A 5.30-g lead bullet traveling at 390 m/s is stopped by a large tree. If half the kinetic energy of the bullet is transformed into internal energy and remains with the bullet while the other half is transmitted to the tree, what is the increase in temperature of the bullet?
KE=mv²/2
½KE=mcΔT
ΔT= KE/2mc= mv²/4mc=
= v²/4c=390²/4•130=292.5℃
To calculate the increase in temperature of the bullet, we need to use the equation:
Q = mcΔT,
where Q is the heat absorbed by the bullet, m is the mass of the bullet, c is the specific heat capacity of lead, and ΔT is the change in temperature.

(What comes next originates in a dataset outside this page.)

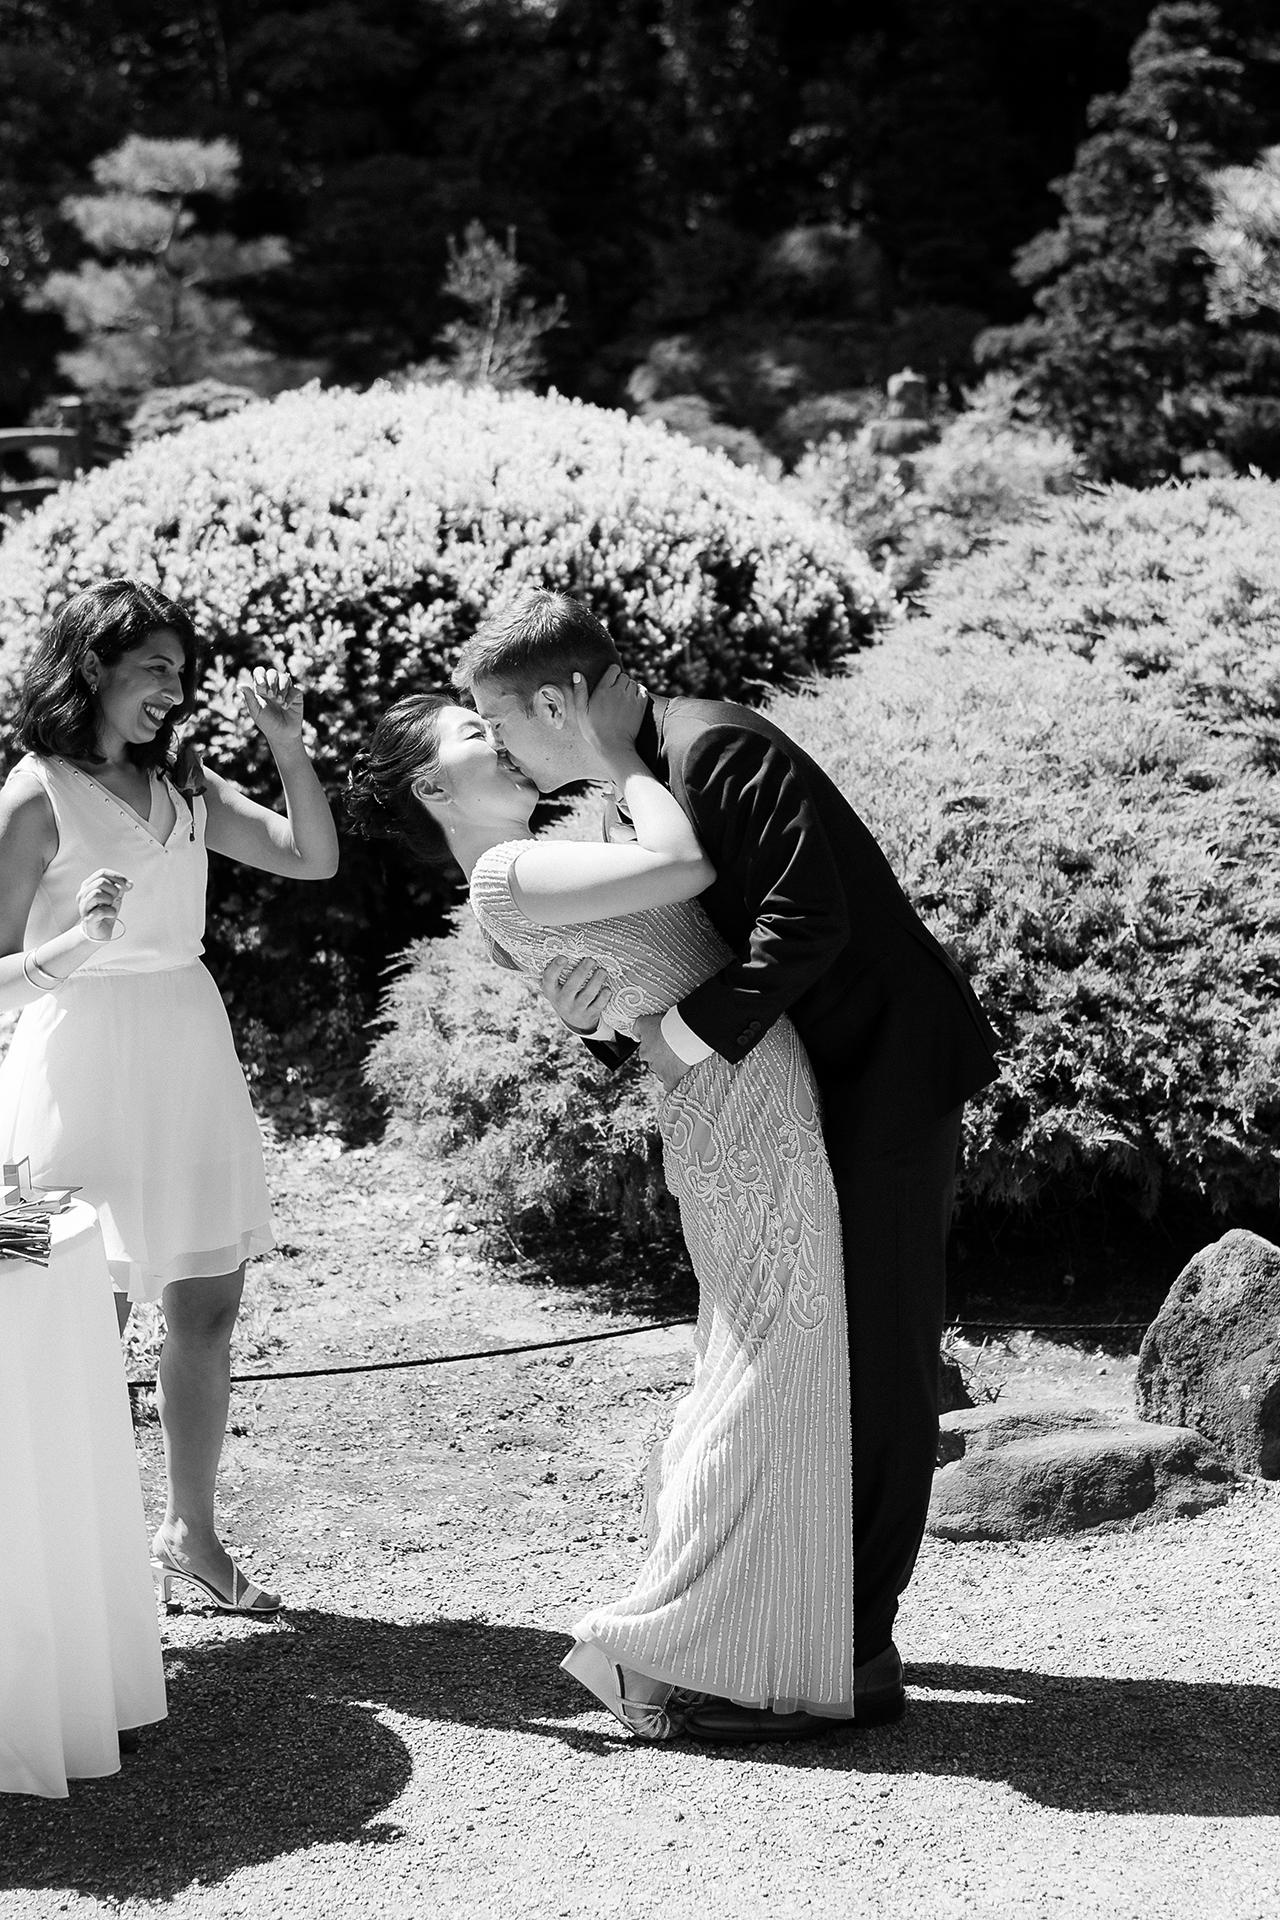 Hakone_Estate_and_Gardens_Wedding_026.jpg

First, let's find the initial kinetic energy of the bullet:
KE = (1/2)mv²,
where m is the mass of the bullet and v is its velocity.
Given:
Mass of the bullet (m) = 5.30 g (convert to kg: 0.0053 kg)
Velocity of the bullet (v) = 390 m/s
Calculating the initial kinetic energy:
KE = (1/2)(0.0053 kg)(390 m/s)²
= 0.5 * 0.0053 kg * (390 m/s)²
= 5.12585 J (rounded to 5.13 J)
Since half of the kinetic energy is transformed into internal energy, the heat absorbed by the bullet can be written as:
Q = (1/2) KE
Q = (1/2) * 5.13 J
= 2.565 J (rounded to 2.57 J)
Next, we need to calculate the specific heat capacity of lead (c). The specific heat capacity of lead is approximately 128 J/kg·K.

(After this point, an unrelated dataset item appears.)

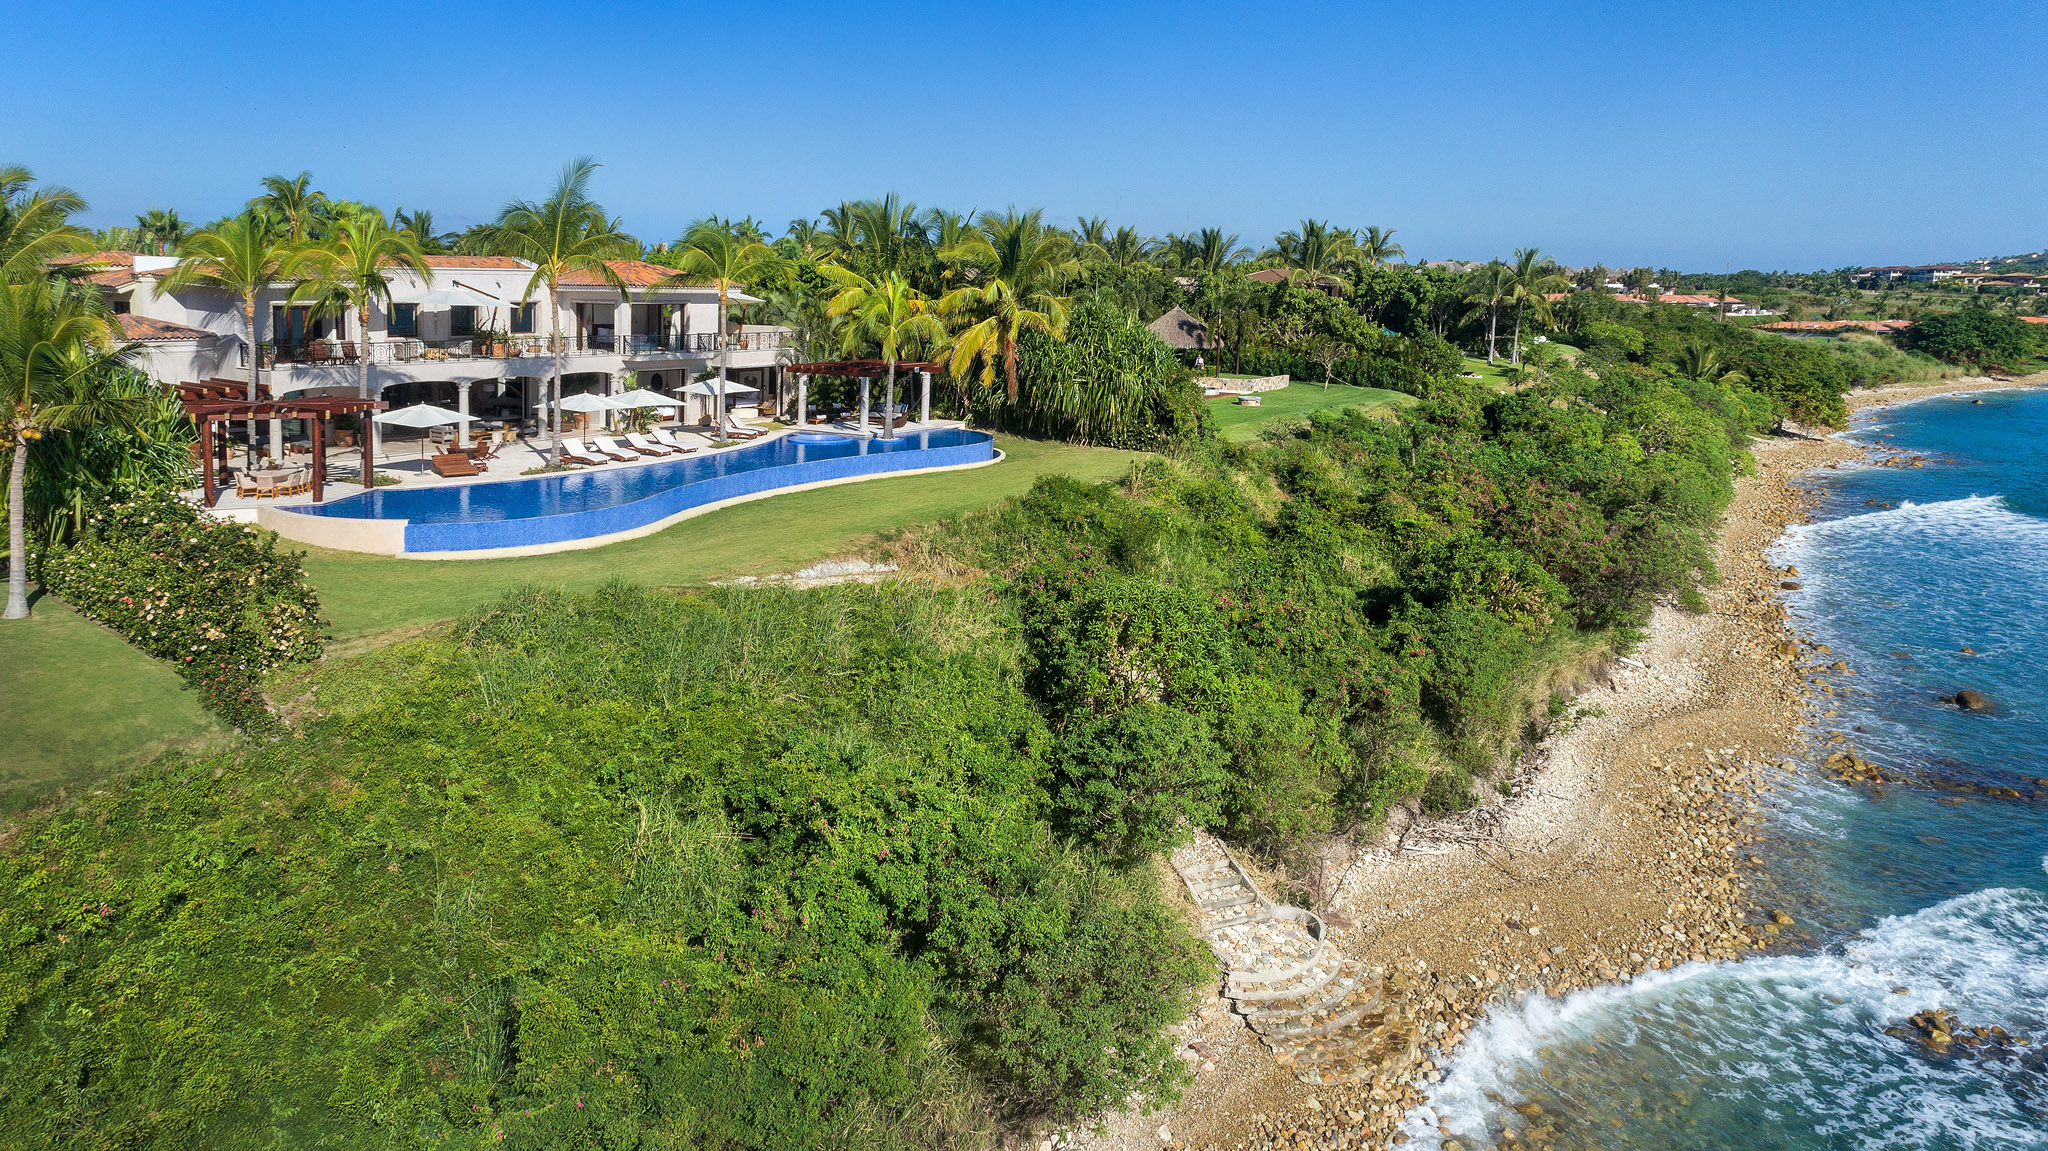 Casa la VIda_aerial 2.jpg

Now we can rearrange the formula:
Q = mcΔT
To find ΔT, we rearrange the equation as follows:
ΔT = Q / mc
Substituting the values:
ΔT = (2.57 J) / (0.0053 kg * 128 J/kg·K)
= 2.57 J / 0.6784 J/K
≈ 3.79 K
Therefore, the increase in the temperature of the bullet is approximately 3.79 degrees Celsius.